I would only add that just raising the shinogi line while keeping the bewels flat will on one side descrease wedging a bit, but it will increase the drag and sticking. To me it would make more sense to sell the knife and get a different one with a different grind.

What you want is not just to knock off shoulders, but a complete re-grind of the knife. And I am not sure that makes so much sense.


----------



## Jacob_x (Dec 21, 2017)

I did some work on mine which I'm pretty happy with. Will get back to you with some pics and description once silly season is out the way.


----------



## panda (Dec 21, 2017)

i was thinking raise the shinogi (thinning left side more than the right), then knock both shoulders off, thin right side again, and do some blending, so yeah a complete regrind lol. i've already done this to my matching petty (just not aggressively) and its changed its character enough for me to think this might be worth a shot. 


thanks jake!


----------



## JBroida (Dec 21, 2017)

panda said:


> jon when would be a good time for me to send you my knife to have this done?



lol... if you really hate doing it yourself, bug me late next month


----------



## labor of love (Dec 21, 2017)

Just destroy heiji the best you can then send it to Jon &#128512;


----------



## milkbaby (Dec 21, 2017)

Matus said:


> I would only add that just raising the shinogi line while keeping the bewels flat will on one side descrease wedging a bit, but it will increase the drag and sticking.

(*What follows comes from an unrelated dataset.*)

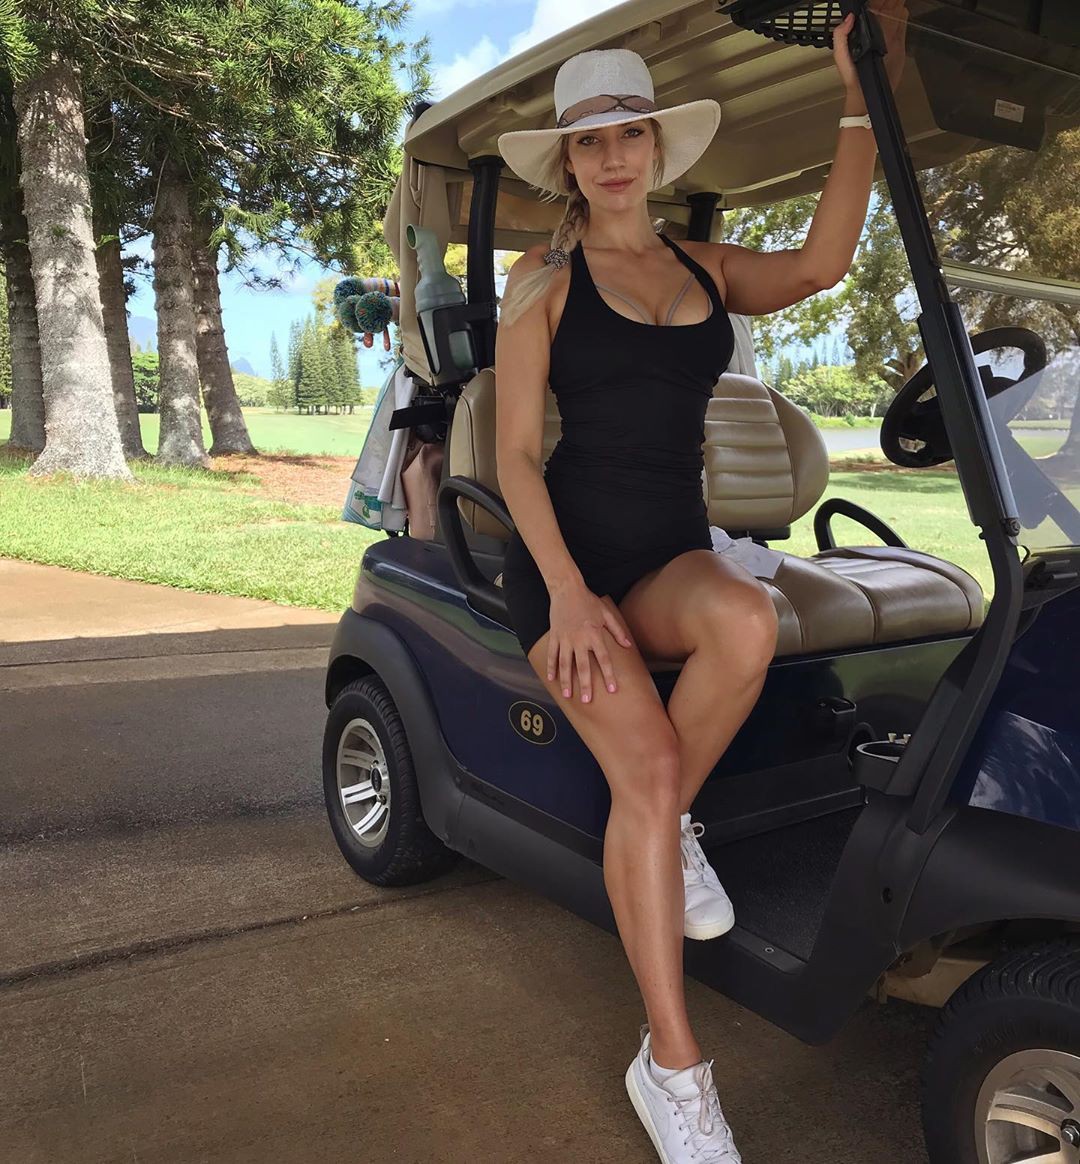 Where to see golf social snapshots, Dubai Desert Classic: Paige Spiranac  
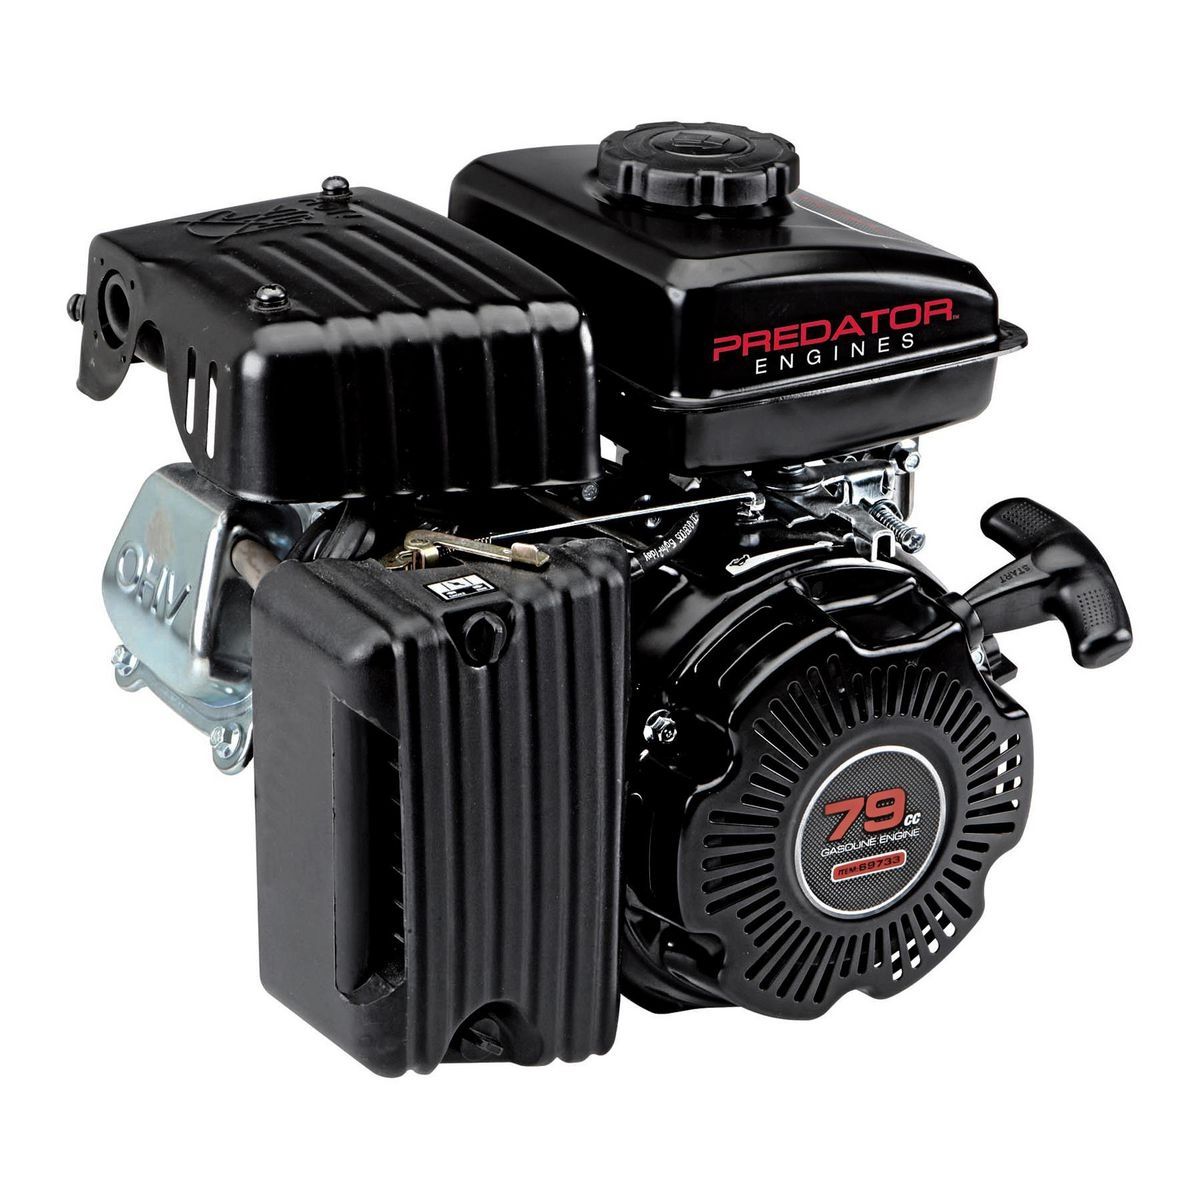 PREDATOR 3 HP (79cc) OHV Horizontal Shaft Gas Engine, EPA

To me it would make more sense to sell the knife and get a different one with a different grind.
> 
> What you want is not just to knock off shoulders, but a complete re-grind of the knife. And I am not sure that makes so much sense.



That's what I was thinking... Is this a case of, "I don't really like this knife but I'm determined to keep it, so I'll just make it into more what I like"?


----------



## panda (Dec 21, 2017)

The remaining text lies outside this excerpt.